Modelling is an important tool to help understand the spread and impact of disease and provides a means through which to optimise surveillance and control measures. Social network analysis and associated modelling approaches are commonly applied tools. These approaches model the connections between individuals or locations by a variety of means and allow inferences to be made as to how rapidly a pathogen may spread through the contact network and allow individuals at high risk of getting or spreading a pathogen to be identified. A key limitation of such models is they assume the network is constant, behaving in the same way over time and in the event of a disease incursion or interventions. For example if a farmer is aware of the presence of a disease in the vicinity of their supplier, they may choose to seek another supplier, which may in turn influence that suppliers ability to supply their normal customers thus causing the network to rewire through a cascade of changes to the underlying structure. Though stochastic simulations and the addition of random connections can help reduce the consequences of this limitation, there remains a fundamental lack of understanding of behaviour response which could lead to false inferences relating to disease impacts and the effectiveness of responses.

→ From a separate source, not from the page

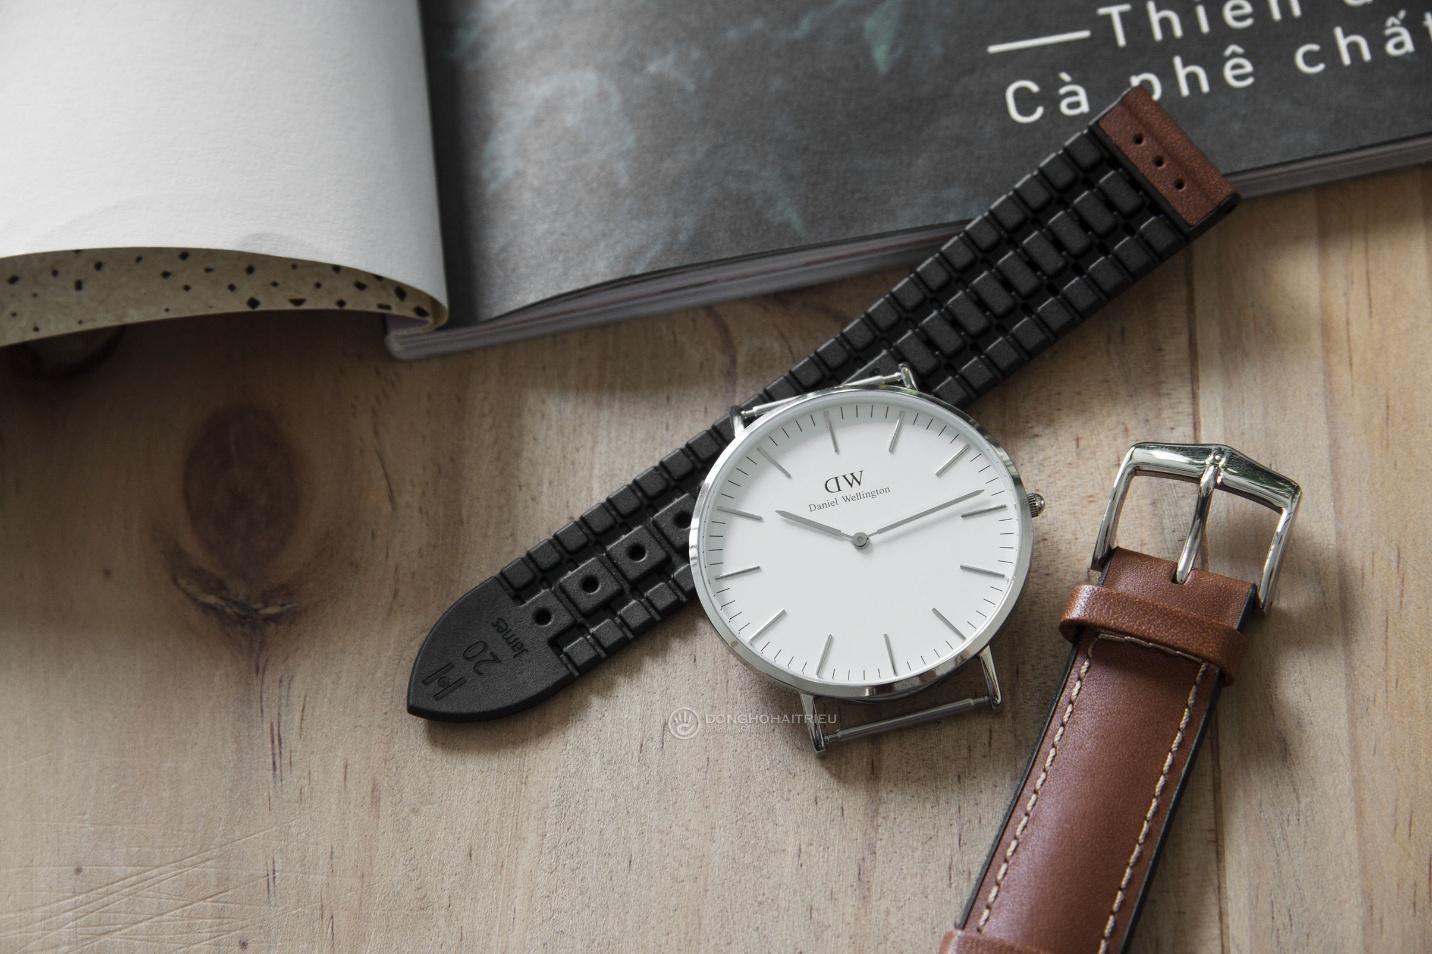 Bộ sưu tập dây da được các thương hiệu đồng hồ nổi tiếng thế giới ưa chuộng - Ảnh 3.

Working with the Centre for Environment, Fisheries and Aquaculture Science (Cefas), an executive agency of the UK government’s Department for Environment, Food and Rural Affairs (defra) that is responsible for the control of diseases in aquaculture in England and Wales, this PhD studentship aims to develop a dynamic network simulation model (based on an existing framework) that includes behavioural responses to disease outbreaks and control measures. The project will deliver a network simulation tool that can be applied to investigate disease outbreaks and uses state-of-the-art methods and technologies from other more advanced fields to which network models are applied, such as communications and power networks. This tool will be developed in parallel to an R&D project run by Cefas and funded by defra to understand aquaculture site holder behaviours and trading patterns, which will be used to inform the network structure and it’s response to different key scenarios. Though focussed on aquaculture diseases, it is envisaged that the outputs from the proposed project will be applicable to a wide variety of other systems where understanding progression of an agent or process through a network is of interest.
This project will build on a social network modelling framework previously developed by Cefas through the inclusion of artificial intelligence approaches, machine learning algorithms, complex network analysis tools and latest epidemic spreading models to predict how a network may rewire and evolve in the event of a disease outbreak and subsequent control scenarios.

How to apply:

Applications are made via Bournemouth University’s website by clicking ’institution website’ button. If you have an enquiry about this project please contact us via the ’Email institution’ button, however your application will only be processed once you have submitted an application form as opposed to emailing your CV to us.

The BU PhD Studentships are open to UK, EU and International students.

Candidates for a PhD Studentship should demonstrate outstanding qualities and be motivated to complete a PhD in 4 years and must demonstrate:
• outstanding academic potential as measured normally by either a 1st class honours degree (or equivalent Grade Point Average (GPA) or a Master’s degree with distinction or equivalent
• an IELTS (Academic) score of 6.5 minimum (with a minimum 6.0 in each component, or equivalent) for candidates for whom English is not their first language and this must be evidenced at point of application.

Funding Notes

Funded candidates will receive a maintenance grant of £15,225 per year to contribute towards living expenses during the course of your research, as well as a fee waiver for 36 months.